--- Dataset entries Enclosed Below ---
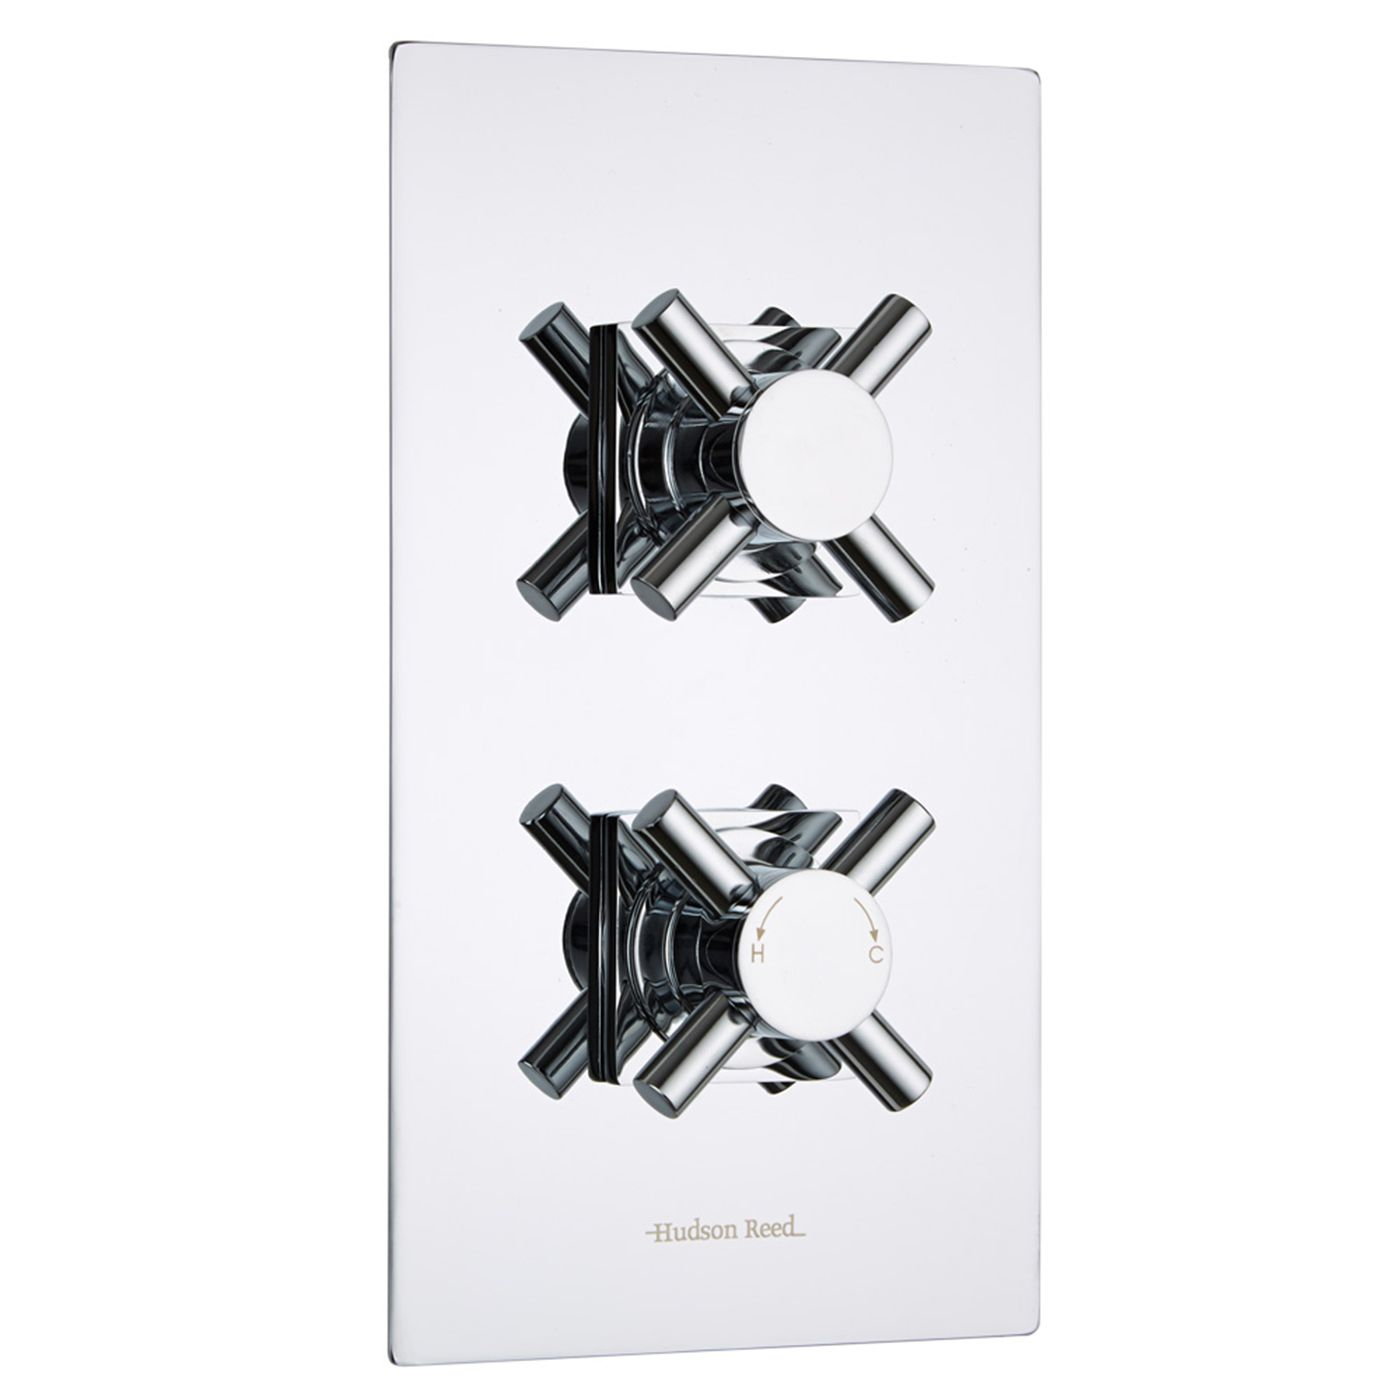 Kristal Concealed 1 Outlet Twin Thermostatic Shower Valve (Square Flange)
--- End of Enclosed Dataset entries ---
--- Dataset entries Enclosed Below ---
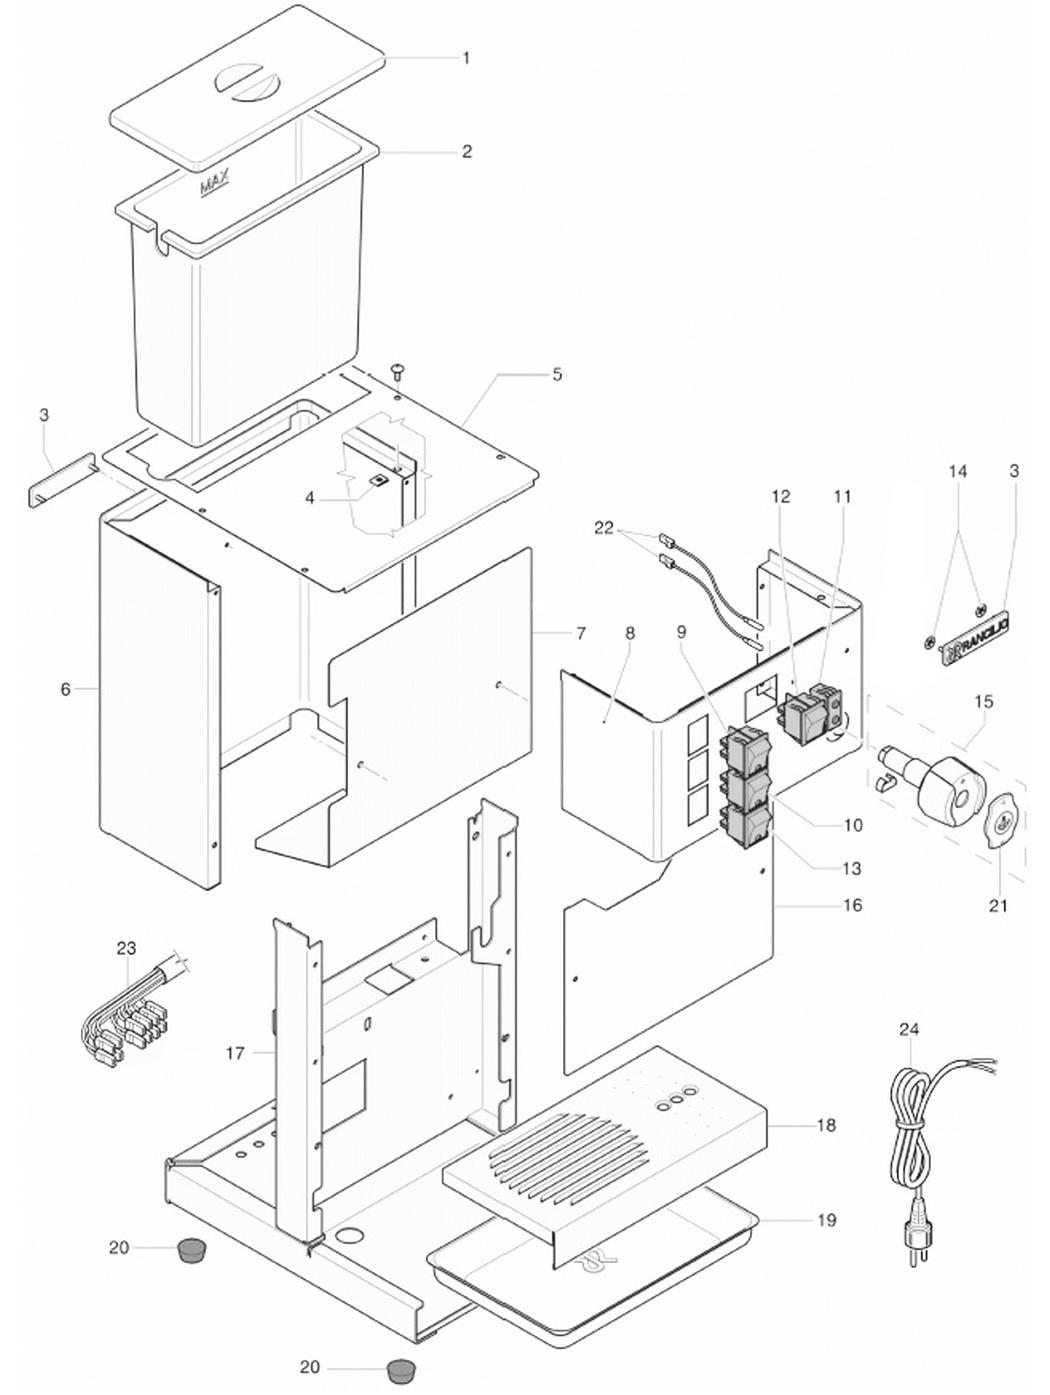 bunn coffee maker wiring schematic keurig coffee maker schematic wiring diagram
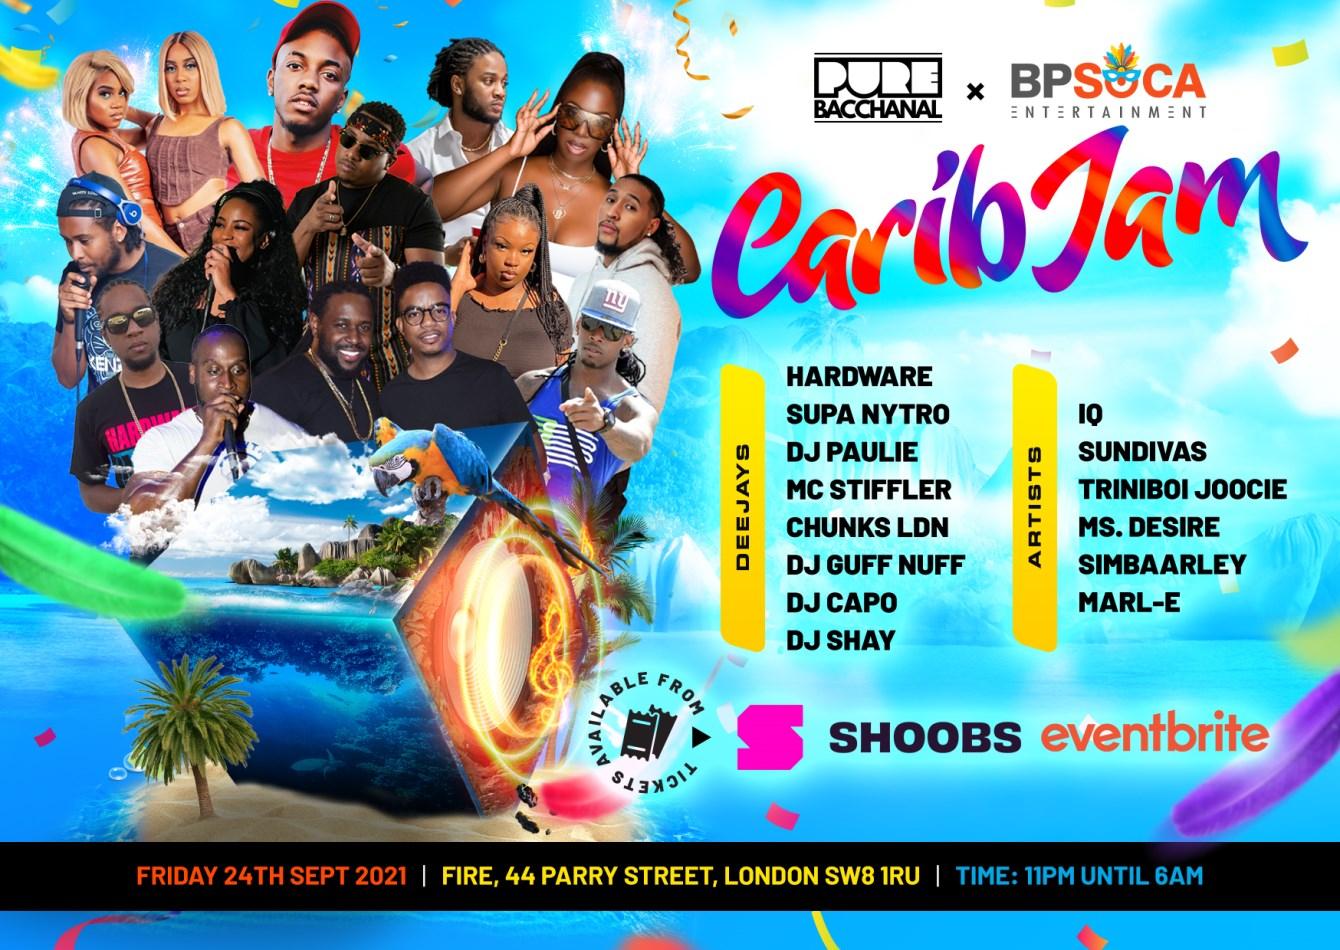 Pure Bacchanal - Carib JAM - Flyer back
--- End of Enclosed Dataset entries ---
## [Problem description]
Nothing except the lines from the one containing "bunn coffee maker" through the one containing "Pure Bacchanal - Carib JAM - Flyer back" should appear in the answer, exactly as above and without pictures.

## [Problem solution]
 bunn coffee maker wiring schematic keurig coffee maker schematic wiring diagram
 Pure Bacchanal - Carib JAM - Flyer back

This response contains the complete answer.